While I like James Reason's book and I find its discussion of mental models instructive in my code and in my life, I do have to break with him on his conclusions, which chiefly amount to the takeaway that systems at the level of complexity we're building today are impossible to run safely, and we should shut them all down. (I exaggerate, but only a little.)

A book I like which responds to Reason's is Nancy Leveson's Engineering a Safer World (free PDF from the MIT Press, even! https://mitpress.mit.edu/books/engineering-safer-world) which says, okay, if we don't want to shut these systems (like the Internet) down, how can we run them safely, and provides some guidance.

I gave a short talk about it at Facebook's most recent Security@Scale conference in Boston a couple weeks ago, the video of which is here: https://www.youtube.com/watch?v=e_-n5wX8okQ

Edit: To tie this back to the OP, I think while it's desireable for software to be as simple as is reasonable given constraints, it's decreasingly possible to say that all software can be built so simply that analytic reduction works, and we need tools to help us cope with software systems which exhibit emergent complexity.

j_h_s · on Dec 2, 2015

"the rational behavior would be to read the code, understand what it does, and reject it if it doesn't work for their use case."

This just isn't practical in most cases. I just don't have time to read the source of every tool I use. No matter how much we strive for simplicity, the fact of the matter is that nearly any software system that is useful these days is going to be too big for every developer who uses it to read its source. You have to accept that in a lot of cases, you're going to need to use tools whose inner workings are obscure to you.

Simplicity in programming is great, but we passed the point of understanding all the software we used a LONG time ago.

nulltype · on Dec 3, 2015

The inner workings may be obscure, but I really like it when the outer workings are not. I use the Google Datastore (although Postgres would work here too), which I'm sure is super complicated internally. Externally though, it has certain properties that form a fairly simple mental model.

With that mental model, you can predict from reading some code what the possible error cases or race conditions could be, or what the state of the datastore entity would be after running some code against it. Perhaps that's not precisely "Software Complexity", but "Library Complexity" instead.

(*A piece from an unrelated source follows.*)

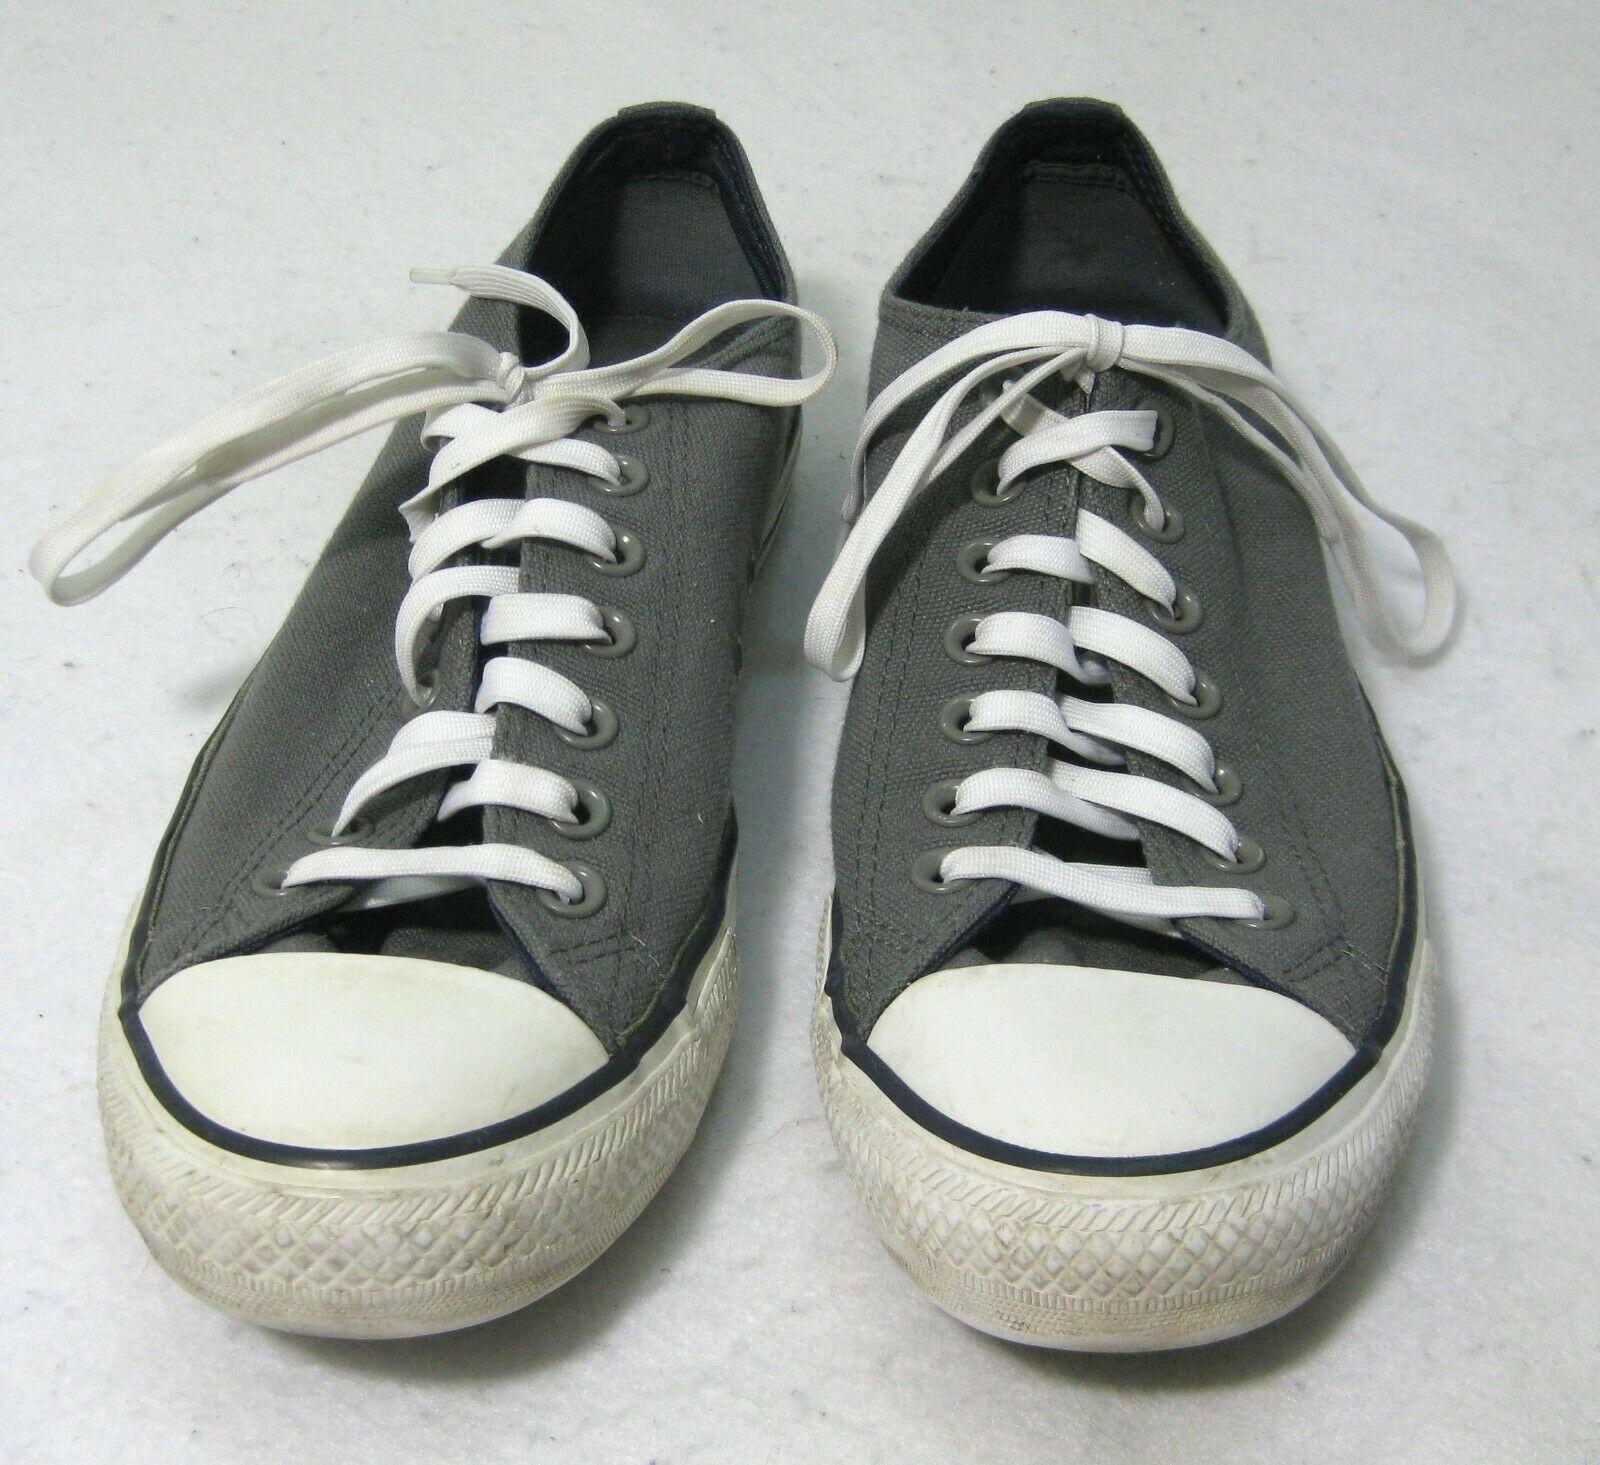 9b2d2177e798 Converse All Star Gray Canvas Shoes (Mens 9

I was going to use Redis as an example, but the internal workings are probably too easy to understand.

vitd · on Dec 3, 2015

I concur. In addition to not having the time to double-check everything I run, I don't have a choice of what tool to use in many cases. Either there is no other tool, my employer (or customer, or vender) has dictated that I need to use a particular tool, or other tools are too expensive/run on a different system/whatever.

joepvd · on Dec 2, 2015

Yes. But it is reassuring when a dependency facilitates a relatively painless deep dive into its guts.

Not sure if and how one could know this beforehand, except for taking advise from random strangers in places like this.

_sq6a · on Dec 2, 2015

100% agree with this, particularly on the part emphasized:

"An advanced programmer can create a program that is correct, but complex and hard to understand. For the purpose of creating an accurate mental model, <emphasis>even the program's correctness is of secondary importance: code that is understandable can be fixed.</emphasis>"

douche · on Dec 2, 2015

That's the old Kernighan quote[1]:

"Everyone knows that debugging is twice as hard as writing a program in the first place. So if you're as clever as you can be when you write it, how will you ever debug it?"

[1] https://en.wikiquote.org/wiki/Brian_Kernighan

mwsherman · on Dec 3, 2015

I think Go is optimized around this idea: that the average reader will have an accurate mental model. (This of course implies trade-offs with other considerations.)